[What you will do]: An exact copy is needed of the lines in the entries below from the line with "Camden Police Badge Design" up to and including the line with "Adidas Predator 19+", and of nothing else. Leave the pictures out.

*** Task inputs Section Begins ***

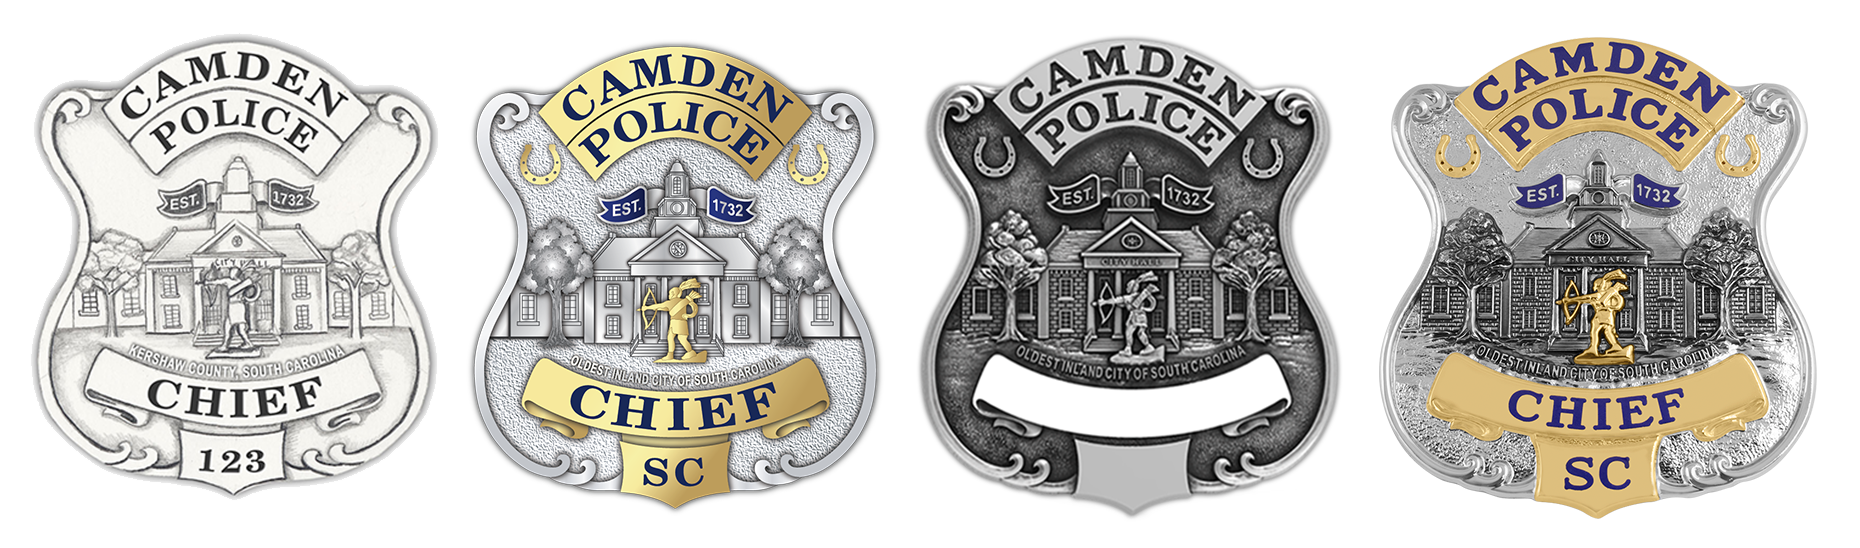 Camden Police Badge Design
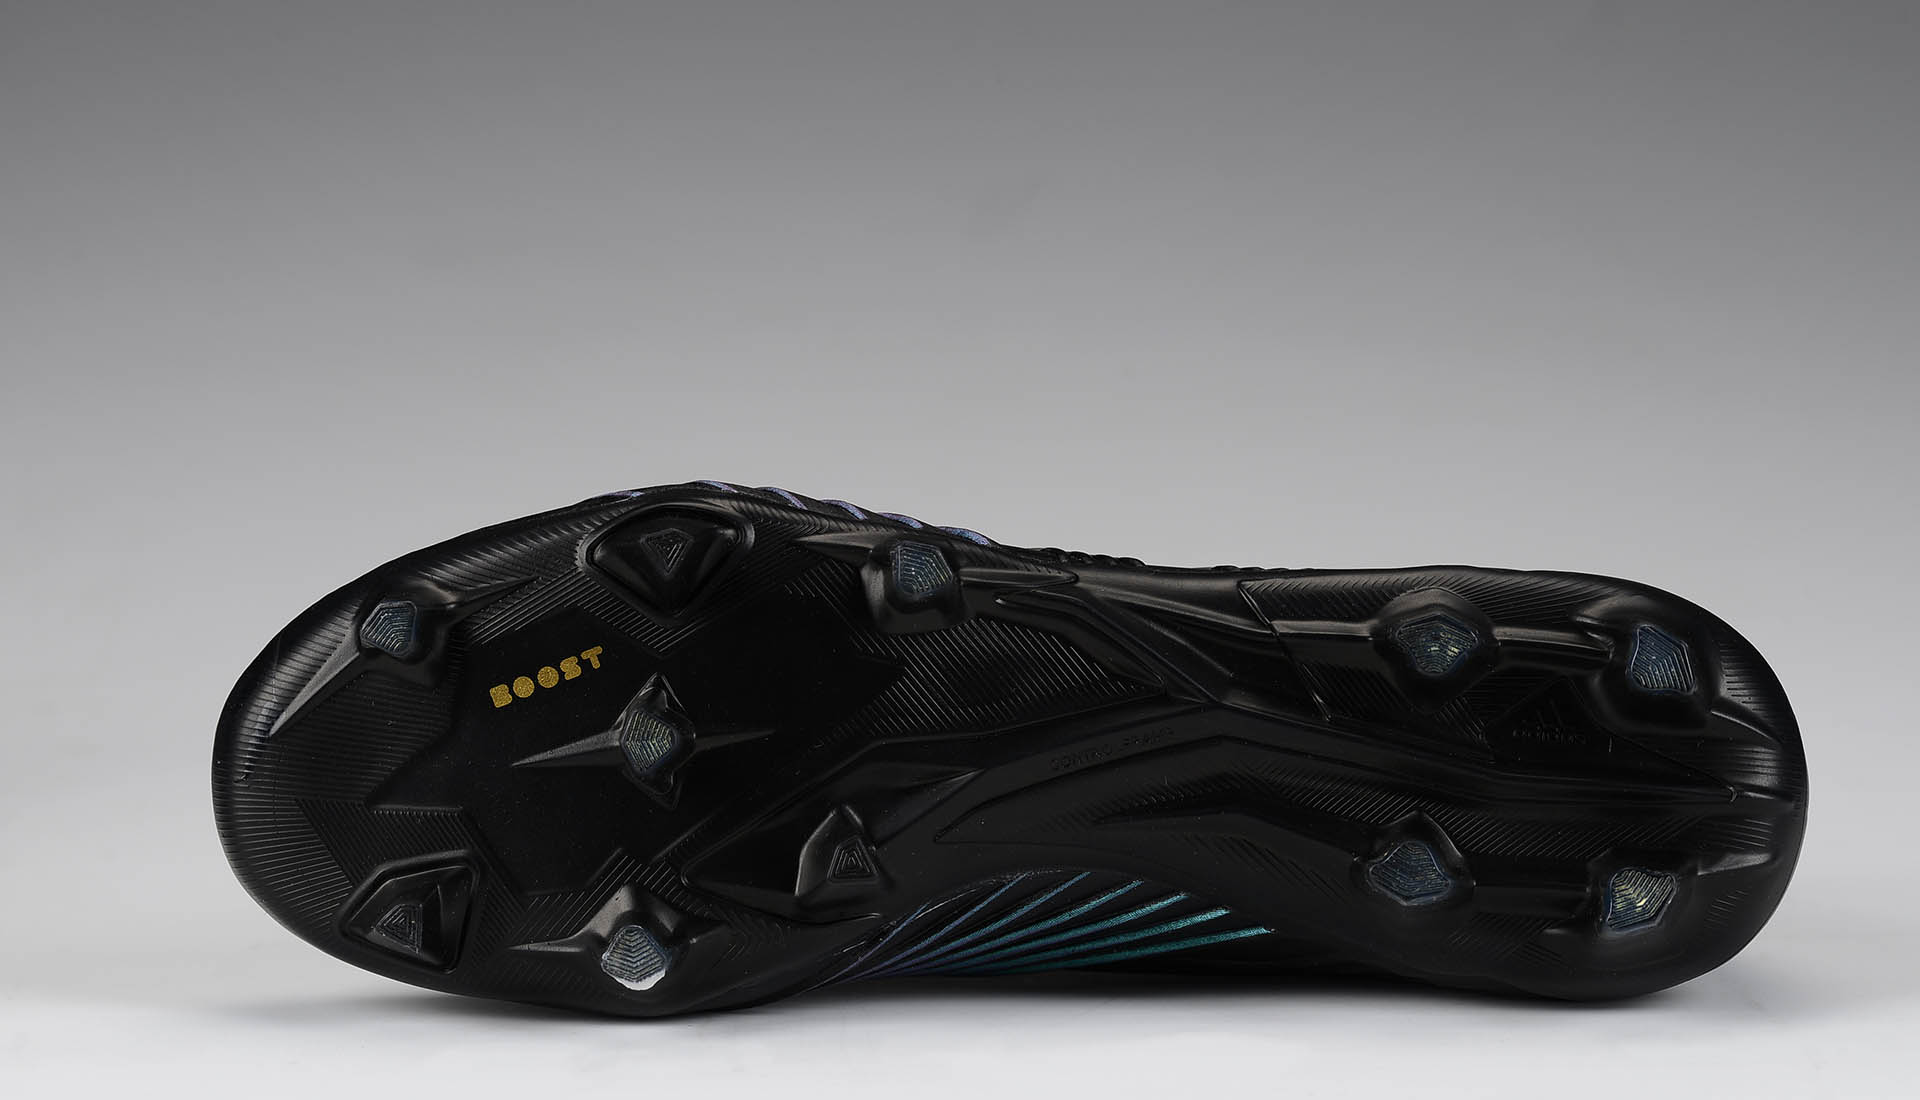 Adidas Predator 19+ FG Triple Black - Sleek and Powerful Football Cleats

*** Task inputs Section Ends ***
*** Task inputs Section Begins ***

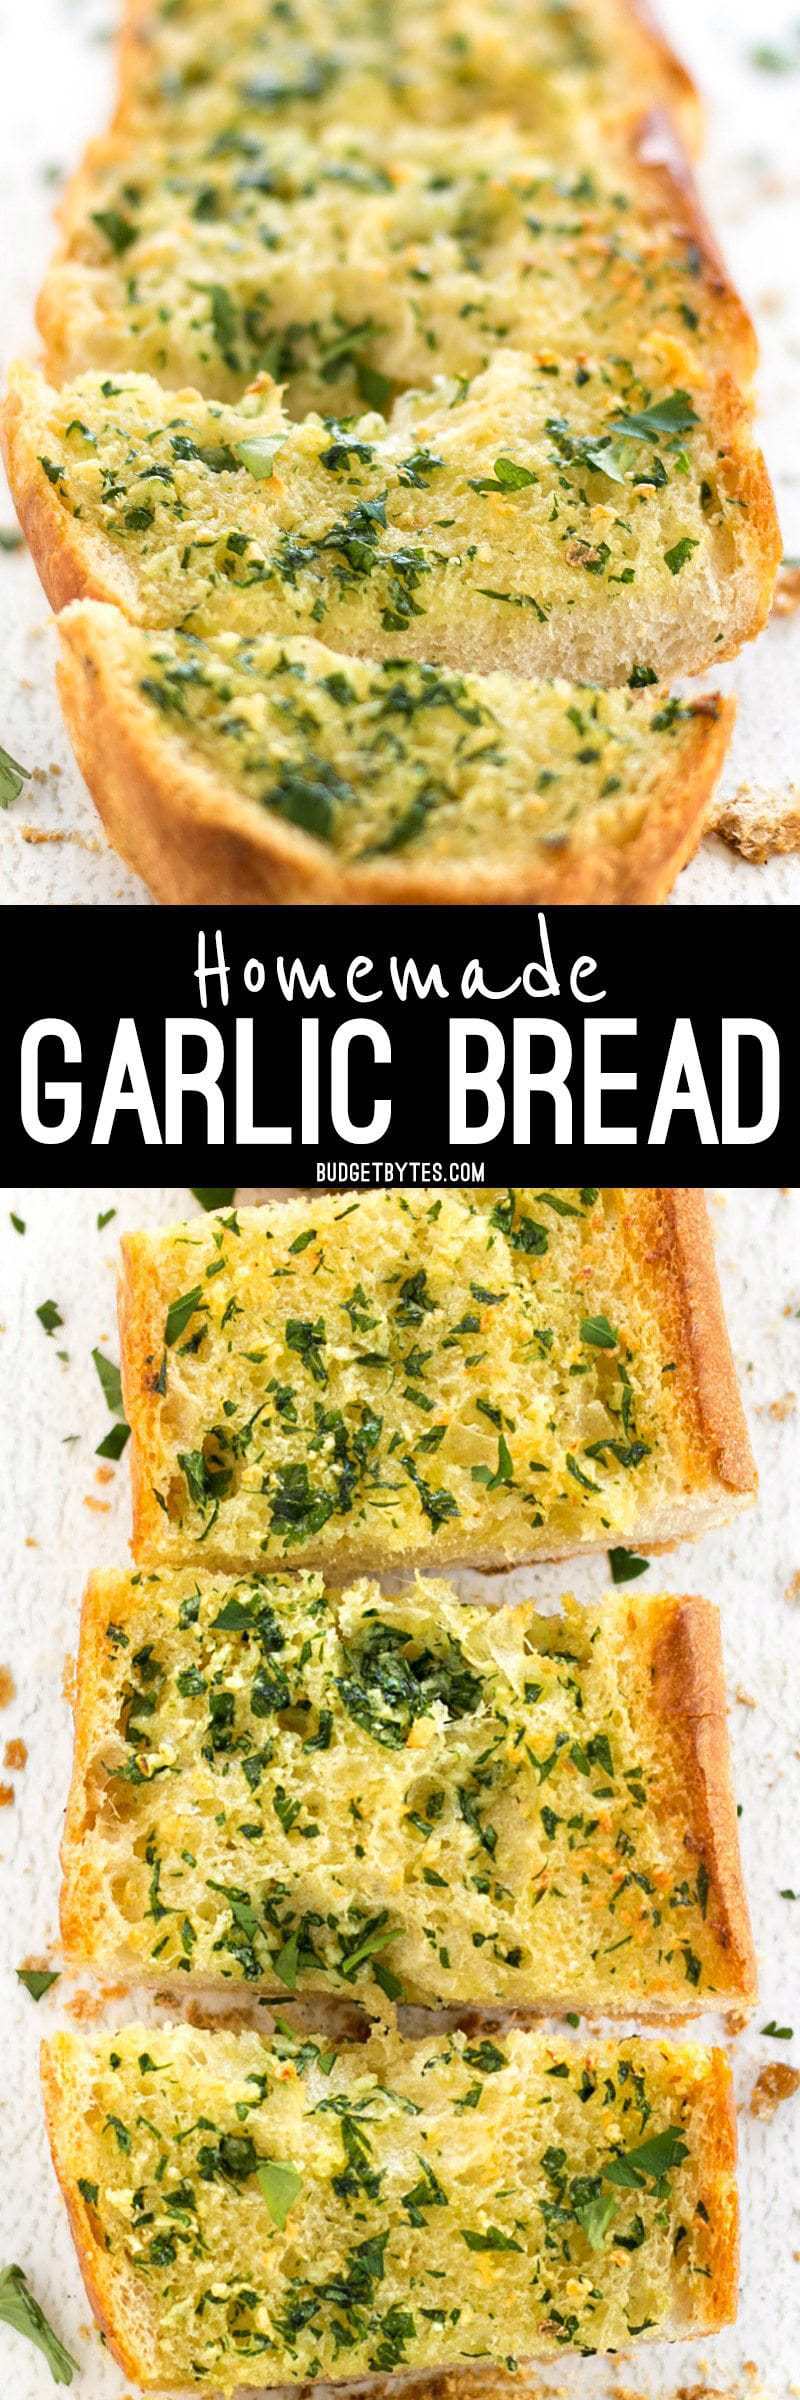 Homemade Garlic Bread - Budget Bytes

*** Task inputs Section Ends ***

[Solution to the exercise]:
 Camden Police Badge Design
 Adidas Predator 19+ FG Triple Black - Sleek and Powerful Football Cleats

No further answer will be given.